Религия дома и в школе

  
   Это было еще в Житомире. Я еще не поступил в гимназию, когда однажды в нашем доме появился старик с толстыми совершенно белыми усами и бритым подбородком, в серой военной шинели. Он был женат на старшей сестре моей матери; фамилия его была Курцевич, а имя Казимир*, но звали его обыкновенно просто капитаном. Он был поляк и католик, но служил сначала в русской военной службе, а затем по лесному ведомству, откуда и вышел в отставку "корпуса лесничих штабс-капитаном, с мундиром и пенсией". Мундир был военного образца с белыми эполетами, с короткой талией и короткими полами, так что капитан напоминал в нем долговязого гимназиста, выросшего из прошлогоднего мундира. А над тугим воротником с позументами, затянутое и налитое кровью, виднелось старое лицо с белыми, как молоко, усами.
   В день его приезда, после обеда, когда отец с трубкой лег на свою постель, капитан в тужурке пришел к нему и стал рассказывать о своей поездке в Петербург. В то время поездка в столицу из глухой провинции была не шутка, а капитан был превосходный рассказчик. Собственный интерес к рассказу есть главный шанс успеха у слушателей, а капитан всегда был переполнен одушевлением. И теперь, пока отец лежал, попыхивая трубкой, капитан ходил по комнате, останавливался, жестикулировал, увлекался и увлекал. Он ехал через Вильно. Там на воротах до сих пор висит герб "литовская погоня"*. Всем это казалось удивительным потому, что у нас за эту "эмблему" сажали в кутузку. Затем он описывал железную дорогу (по которой отец мой не ездил ни разу в жизни). В столице он осмотрел все, что стоило осмотра. Был в Эрмитаже и видел там изображение божьей матери.

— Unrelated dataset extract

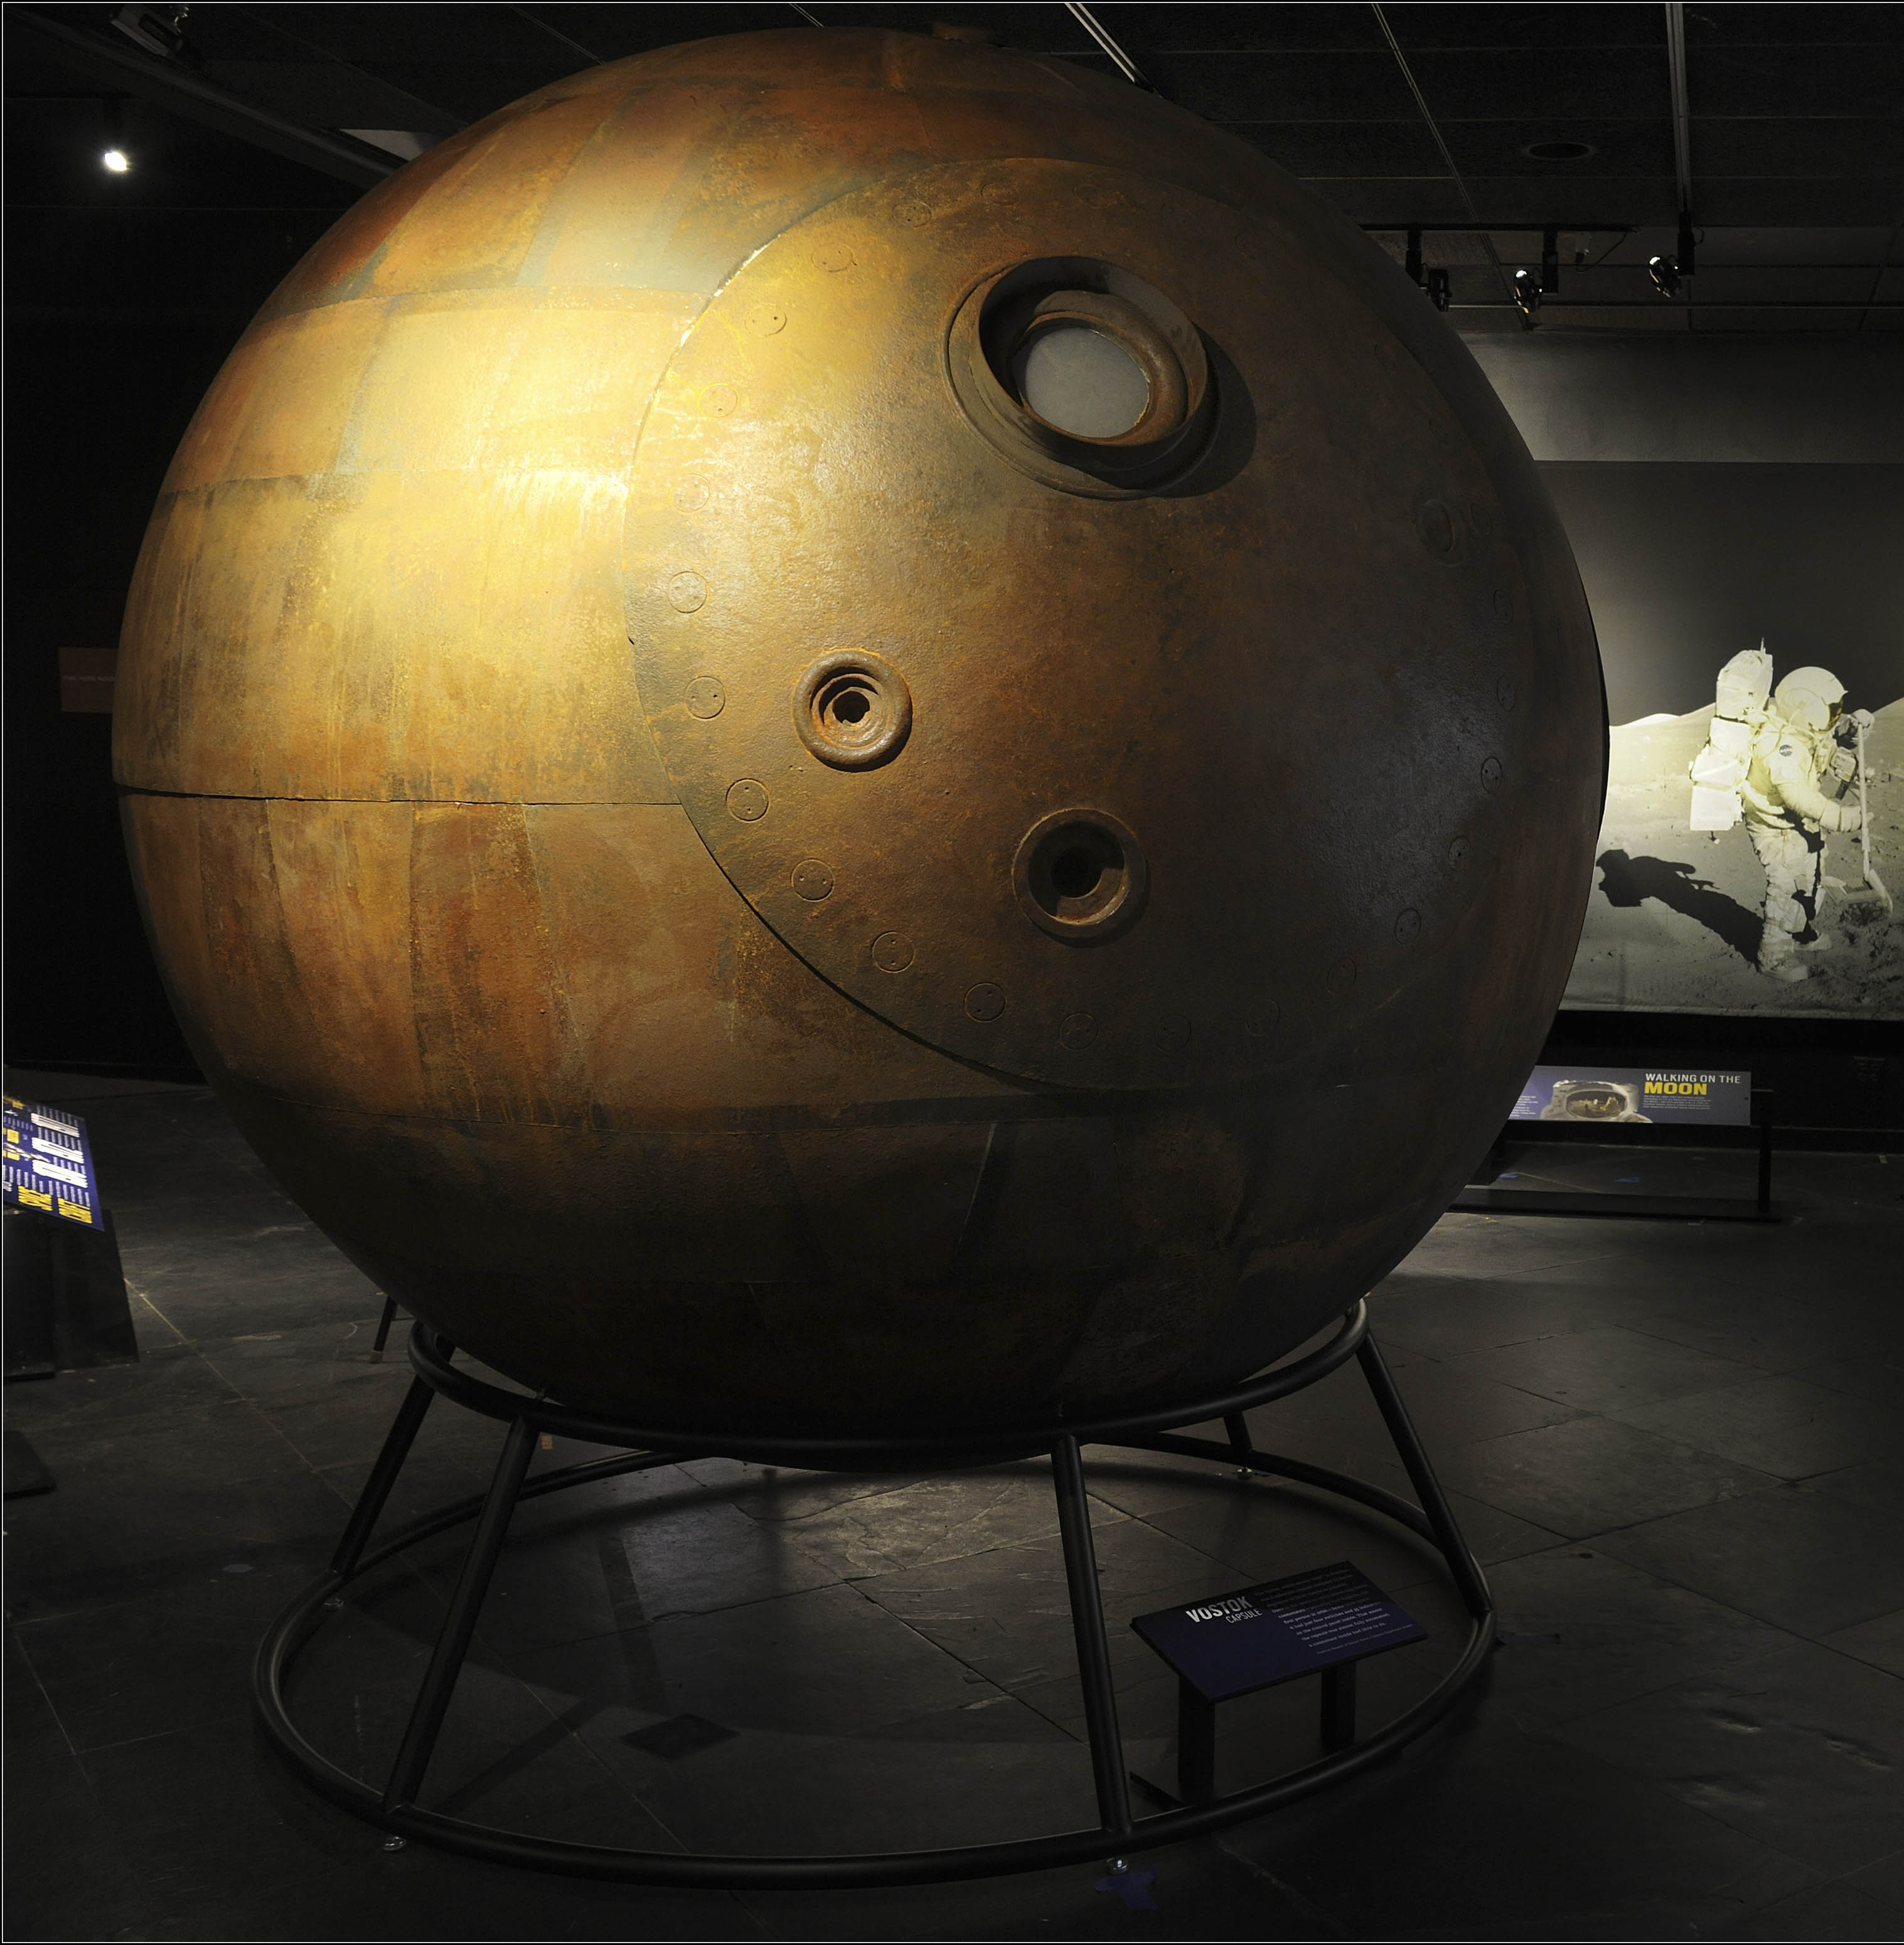 Model Vostok Capsule

   - Понимаешь, - слеза на щеке!.. живая!
   Но самое большое впечатление произвело на него обозрение Пулковской обсерватории. Он купил и себе ручной телескоп, но это совсем не то. В Пулковскую трубу на луне "как на ладони видно: горы, пропасти, овраги... Одним словом - целый мир, как наша земля. Так и ждешь, что вот-вот поедет мужик с телегой... А кажется маленькой потому, что, понимаешь, тысячи, десятки тысяч... Нет, что я говорю: миллионы миллионов миль отделяют от луны нашу землю".
   Он останавливался посредине комнаты и подымал кверху руки, раскидывая ими, чтоб выразить необъятность пространств. В дверях кабинета стояли мать и тетки, привлеченные громким пафосом рассказчика. Мы с братьями тоже давно забрались в уголок кабинета и слушали, затаив дыхание... Когда капитан взмахивал руками высоко к потолку, то казалось, что самый потолок раздвигается и руки капитана уходят в безграничные пространства.

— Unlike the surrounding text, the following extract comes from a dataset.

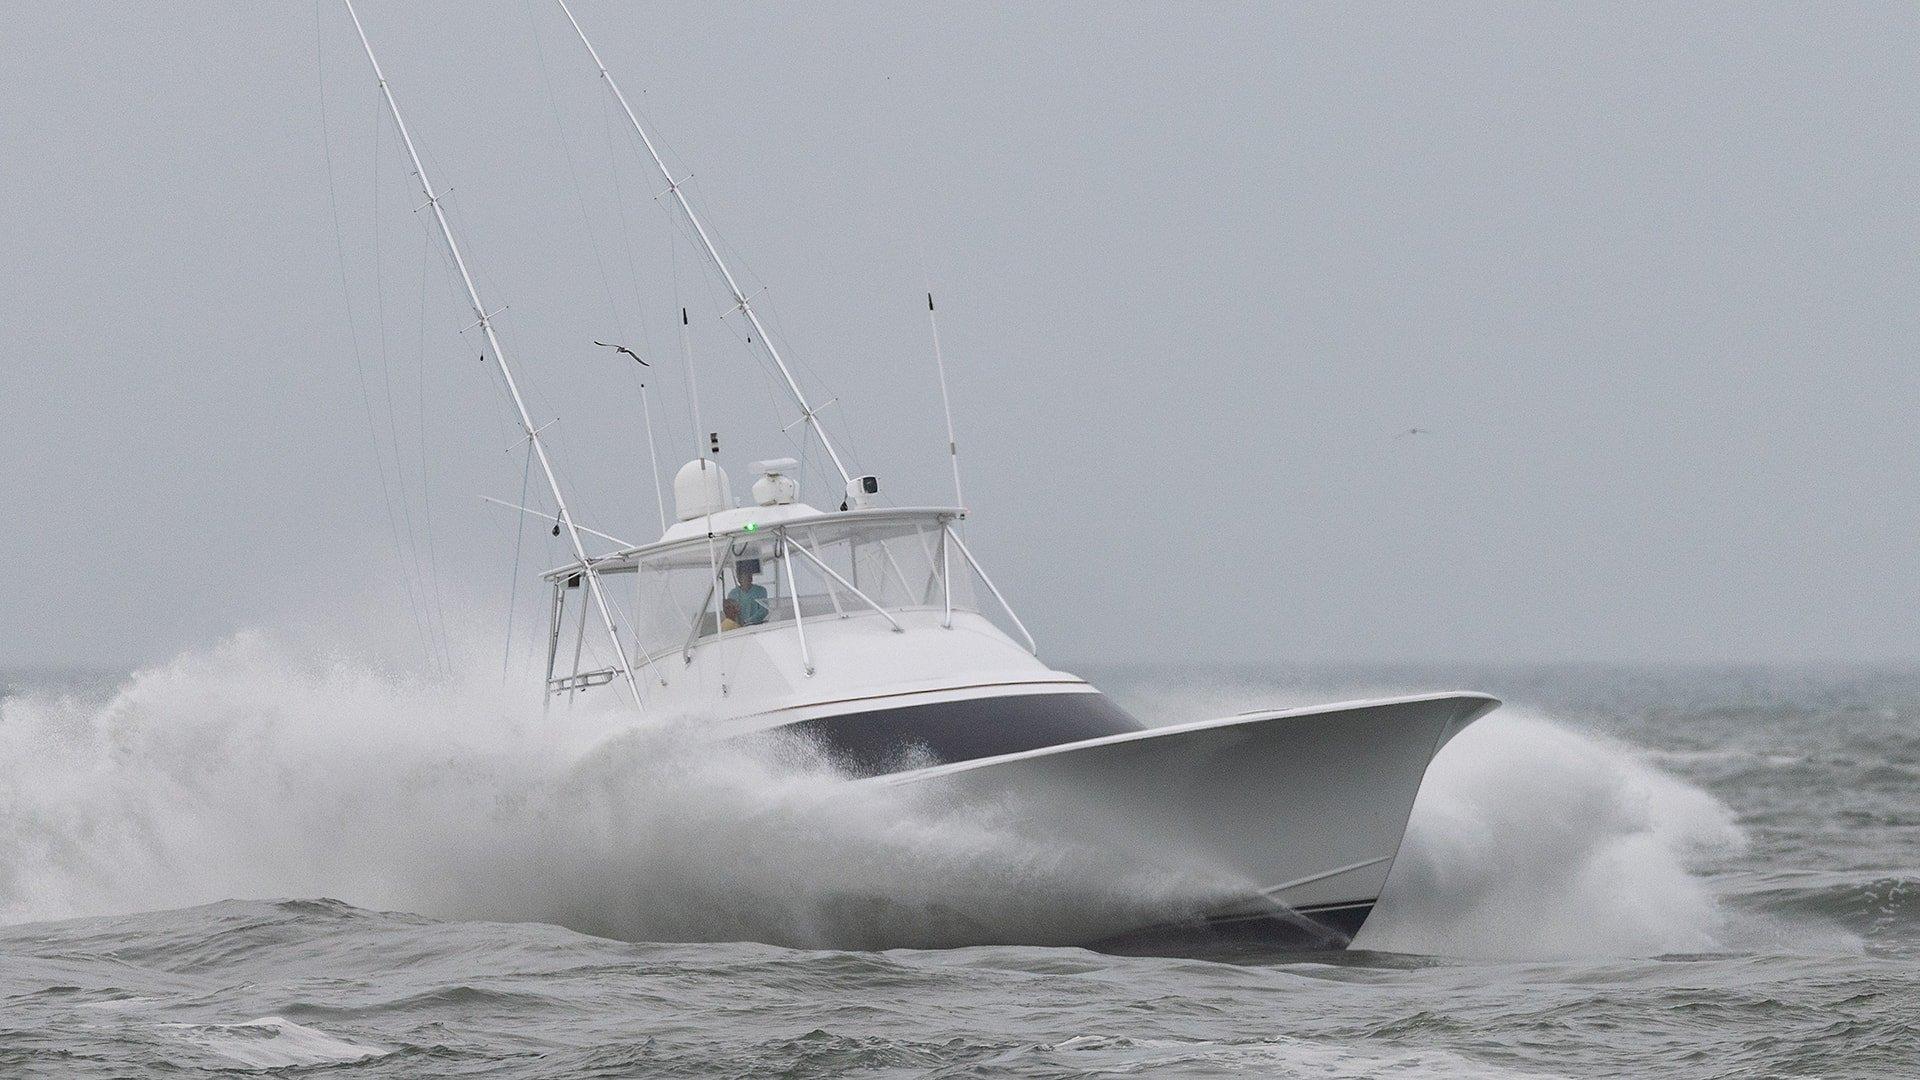 Sportfishing Boat In Ocean City Maryland

   Потом он круто оборвал жестикуляцию и сказал:
   - И знаешь, что я тебе скажу: когда человек повидает все то, что я видел, и поговорит с умными людьми, то... Ну, одним словом, человек многому перестает верить так слепо, как прежде...
   - Например? - спросил отец.
   - Например? Ну, хорошо: вот Иисус Навин сказал: стой, солнце, и не движись, луна... Но ведь мы теперь со всеми этими трубами и прочей, понимаешь, наукой хорошо знаем, что не солнце вертится вокруг земли, а земля вокруг солнца...
   - Так что же?
   - Как что? Значит, солнце не могло остановиться по слову Иисуса Навина... Оно стояло и прежде... А если земля все-таки продолжала вертеться, то, понимаешь,- никакого толку и не вышло бы...
   Отец засмеялся и сказал:
   - Толкуй больной с подлекарем! Иисус Навин не знал астрономии, вот и все.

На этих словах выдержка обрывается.